Study.. Praying Won't Affect Heart Patients

by VM44 6 Replies latest watchtower beliefs

  • VM44
    VM44
    Study: Praying Won't Affect Heart Patients

    By MALCOLM RITTER, AP Science Writer

    Does praying for a sick person's recovery do any good?

    In the largest scientific test of its kind, heart surgery patients showed no benefit when strangers prayed for their recovery.

    And patients who knew they were being prayed for had a slightly higher rate of complications. Doctors could only guess why.

    Several scientists questioned the concept of the study.

    Science "is not designed to study the supernatural," said Dr. Harold G. Koenig, director of the Center for Spirituality, Theology and Health at the Duke University Medical Center.

    The researchers emphasized that their $2.4 million study could not address whether God exists or answers prayers made on another's behalf.
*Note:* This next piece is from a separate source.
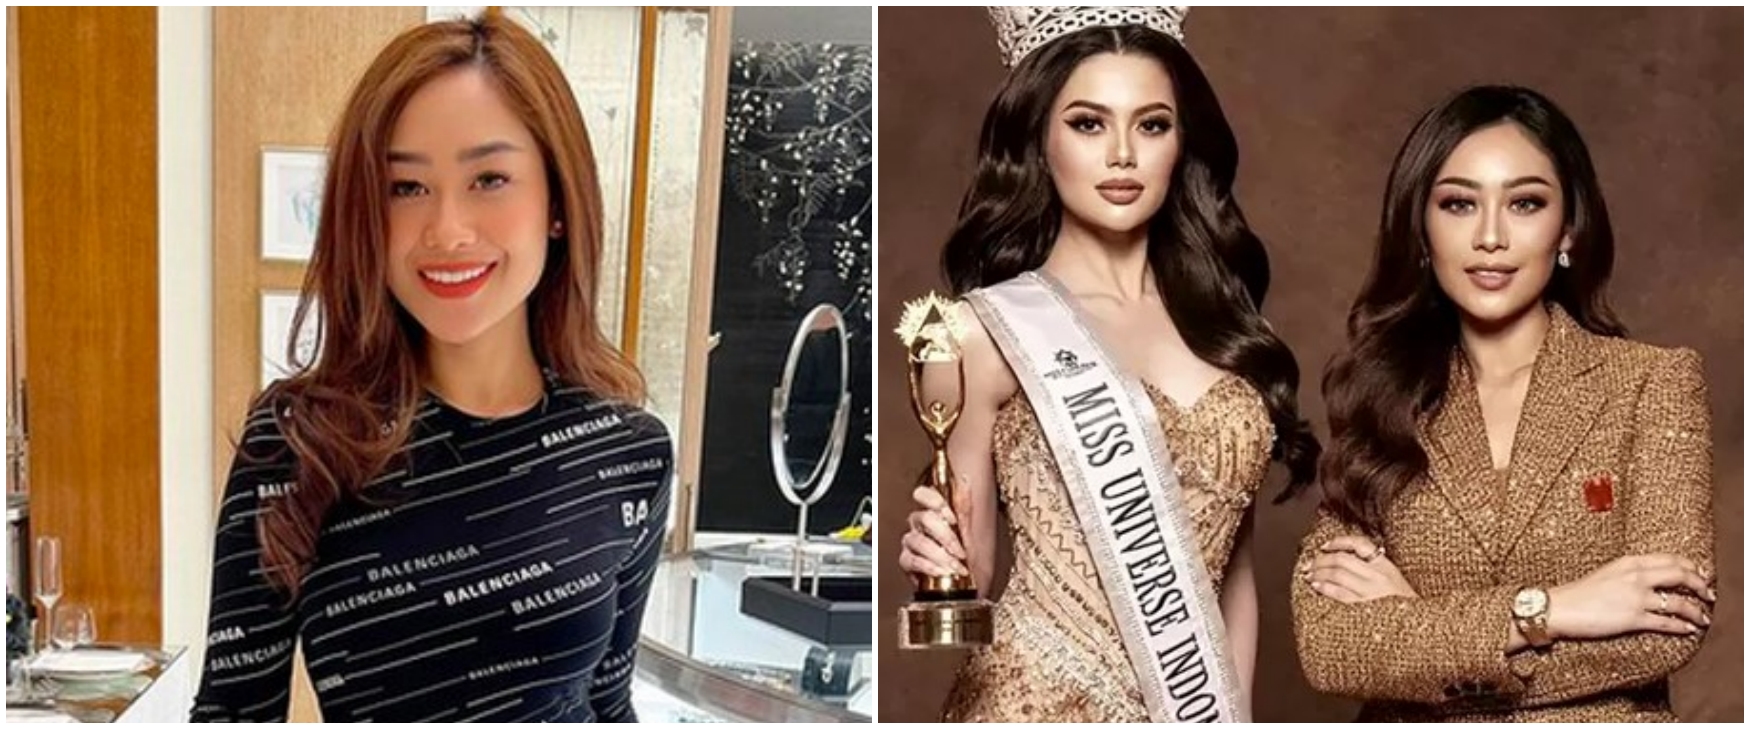 Lisensi Miss Universe Indonesia dicabut usai terkuak dugaan pelecehan, Poppy Capella buka suara

The study could look only for an effect from the specific prayers offered as part of the research, they said.

    The study "did not move us forward or backward" in understanding the effects of prayer, said Dr. Charles Bethea, a co-author and cardiologist at the Integris Baptist Medical Center in Oklahoma City. "Intercessory prayer under our restricted format had a neutral effect."

    Dr. Herbert Benson of Harvard Medical School, co-principal investigator of the study, agreed. "We cannot come to a conclusion, except to say that by this study design, with its limitations, this is what we found," he said.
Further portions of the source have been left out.